Different reflectances can be defined by dividing different (ir)radiances. Examples include the bi-directional radiance reflectance [4], the non-directional irradiance reflectance [31], and the uni-directional remote sensing reflectance $R_{rs}$ used in ocean color [37,39]. As defined in Eq. (1), $R_{rs}$ is the ratio of water-leaving radiance $L_w$ [37] over downwelling irradiance $E_d$ [41], in units of sr$^{-1}$. This work focuses on $R_{rs}$, but the same mathematics apply to any reflectance.

2.2 Spectral convolution

Multispectral data are simulated from hyperspectral data through spectral convolution. As shown in Eq. (2), this involves multiplying the hyperspectral data $L(\lambda )$ by the multispectral band SRF $S_B (\lambda )$, integrating the result over all wavelength in the band ($\int _{\lambda \in B} \textrm {d} \lambda$), and normalizing by the effective bandwidth. In this work, convolved quantities are denoted by a bar, such as $\bar L(B)$ in Eq. (2). In practice, spectral convolution is often a sum over discrete $L$ and $S_B$ data. The convolution process is shown graphically in Fig. 1.

 

Fig. 1. Demonstration of spectral convolution with a boxcar SRF $S_B$ (bottom left). Each column shows the convolution of a spectrum ($L_w$, $E_d$, $R_{rs}$) with $S_B$, the shaded area showing the integral as calculated with Eq. (2). The $\times$ symbol indicates a spectral convolution. The band-average value of $R_{rs}$ calculated in $R$-space is 42, significantly different from the correct ($L$-space) value of $5.2/0.3 \approx 15$. Axis labels and units are dropped for clarity.

Download Full Size | PDF

Convolving hyperspectral data is really an approximation, due to the finite spectral resolution of hyperspectral sensors. As derived in Appendix A, this method is valid if the full width at half maximum (FWHM) of the multispectral band is at least double that of the hyperspectral sensor.

2.2.1 Nomenclature

Various names for this process are used in the literature, including convolution or convolving [4,5,11–13,15,17,20,22,26,31,32,34,36,41], SRF-weighting [28], simulation [25], and band-averaging [6,18,21,26,27,29]. Since it is the most common term, ‘spectral convolution’ is used in this work. However, it should be noted that this term may instead refer to smoothing the spectrum with a kernel [42]. Finally, since neither process involves transforming the SRF, both are actually cross-correlations rather than convolutions.
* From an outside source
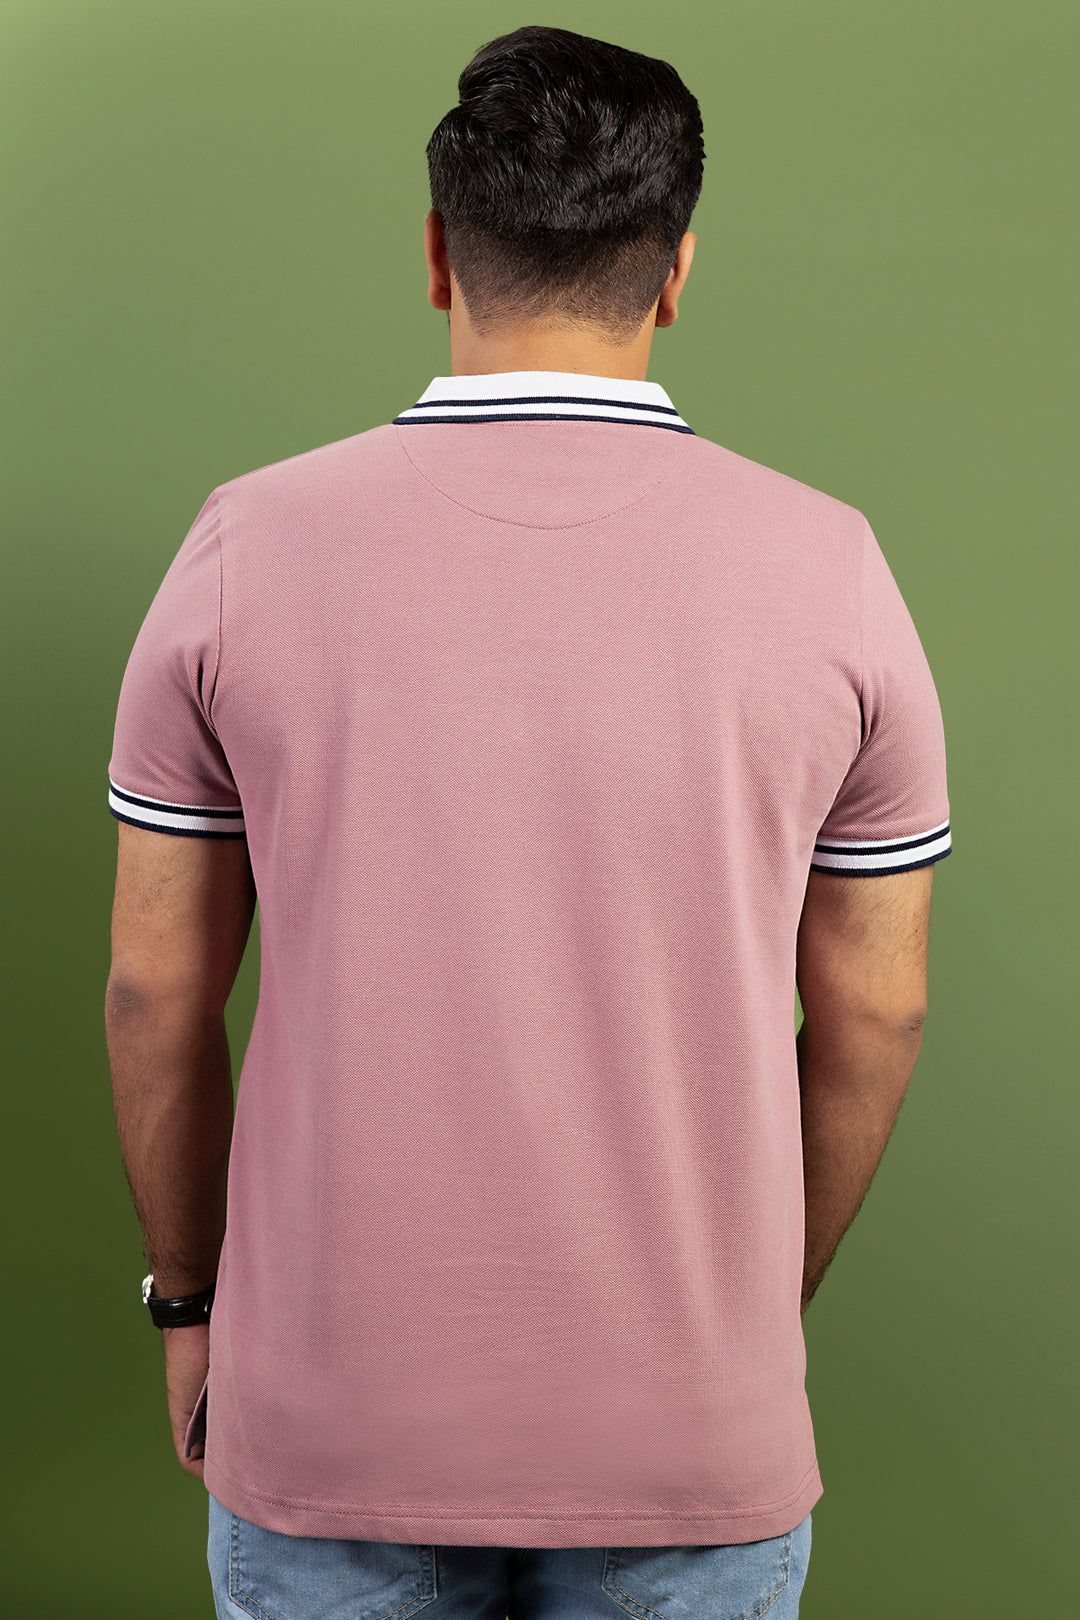 Rusty Pink Yarn Dyed Collar Polo Shirt (Plus Size) - S23 - MP0225P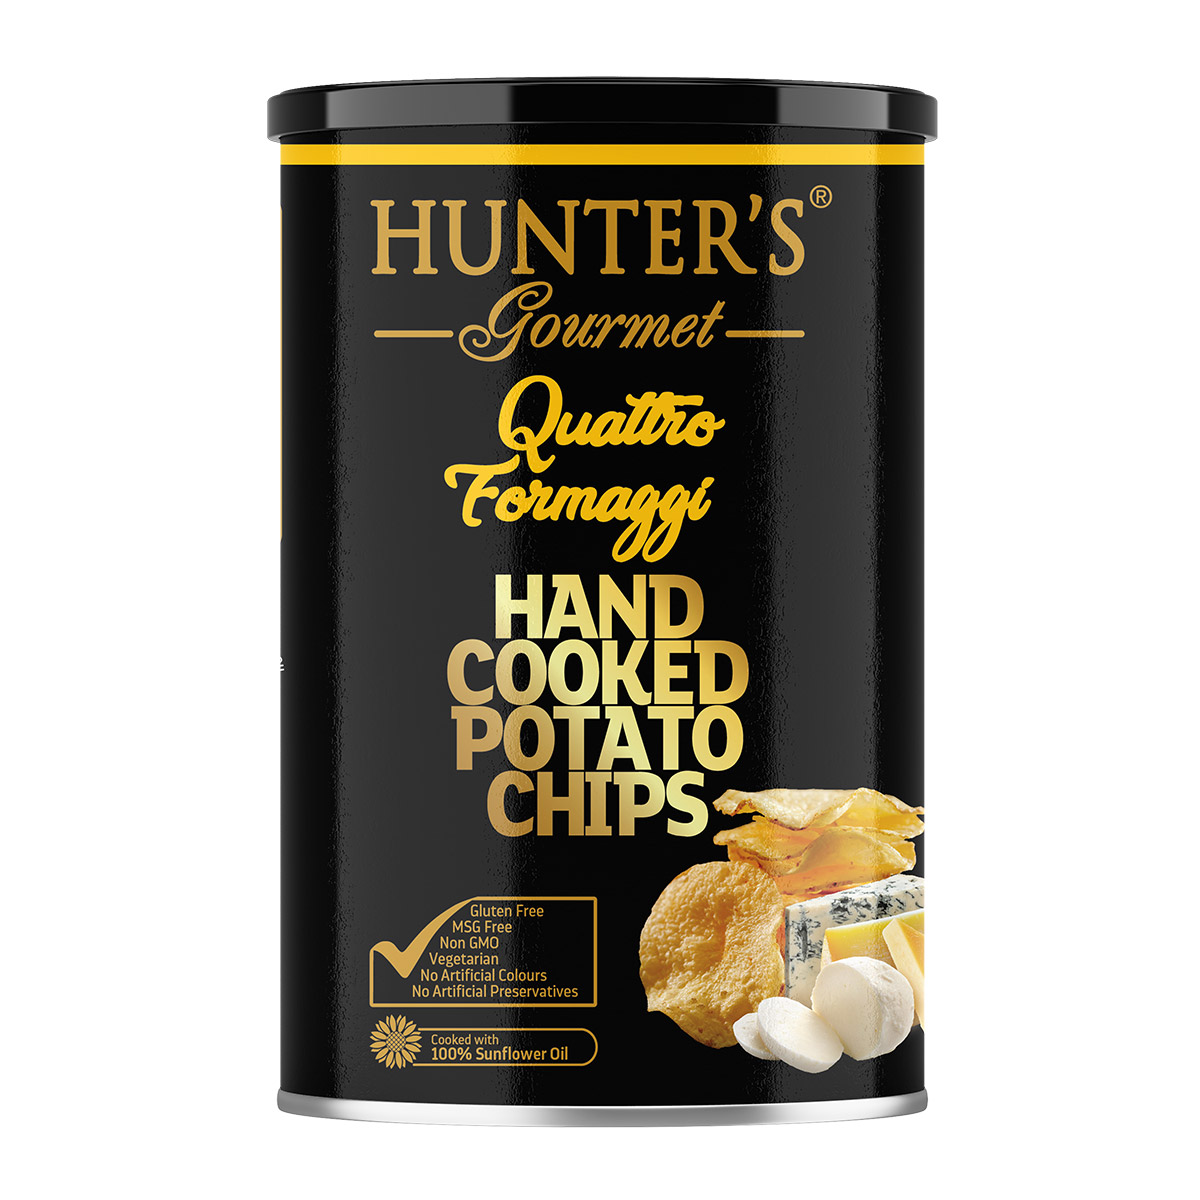 Hunter’s Gourmet Hand Cooked Potato Chips – Quattro Formaggi – Gold Edition (25gm)

2.3 Reflectance convolution

Just as the hyperspectral remote sensing reflectance $R_{rs} (\lambda )$ is $L_w (\lambda )$ over $E_d (\lambda )$, the convolved $\bar R_{rs} (B)$ is $\bar L_w (B)$ over $\bar E_d (B)$. Both are calculated as in Eq. (2) and then divided, as shown in Eq. (3). Convolving (ir)radiances to calculate a band-average reflectance will be referred to in this work as working in radiance space or $L$-space, and the result as $\bar R_{rs}^L (B)$. Mathematically, this is the correct method for convolving $R_{rs}$ to simulate multispectral data.

2.4 General rule

Convolution is a useful tool, but the order of operations is not always intuitive. A general rule of thumb can be used, which applies to any kind of convolution (spectral or spatial) when converting high- to low-resolution (spectral or spatial) data. For other purposes, such as smoothing, reflectance itself can be transformed.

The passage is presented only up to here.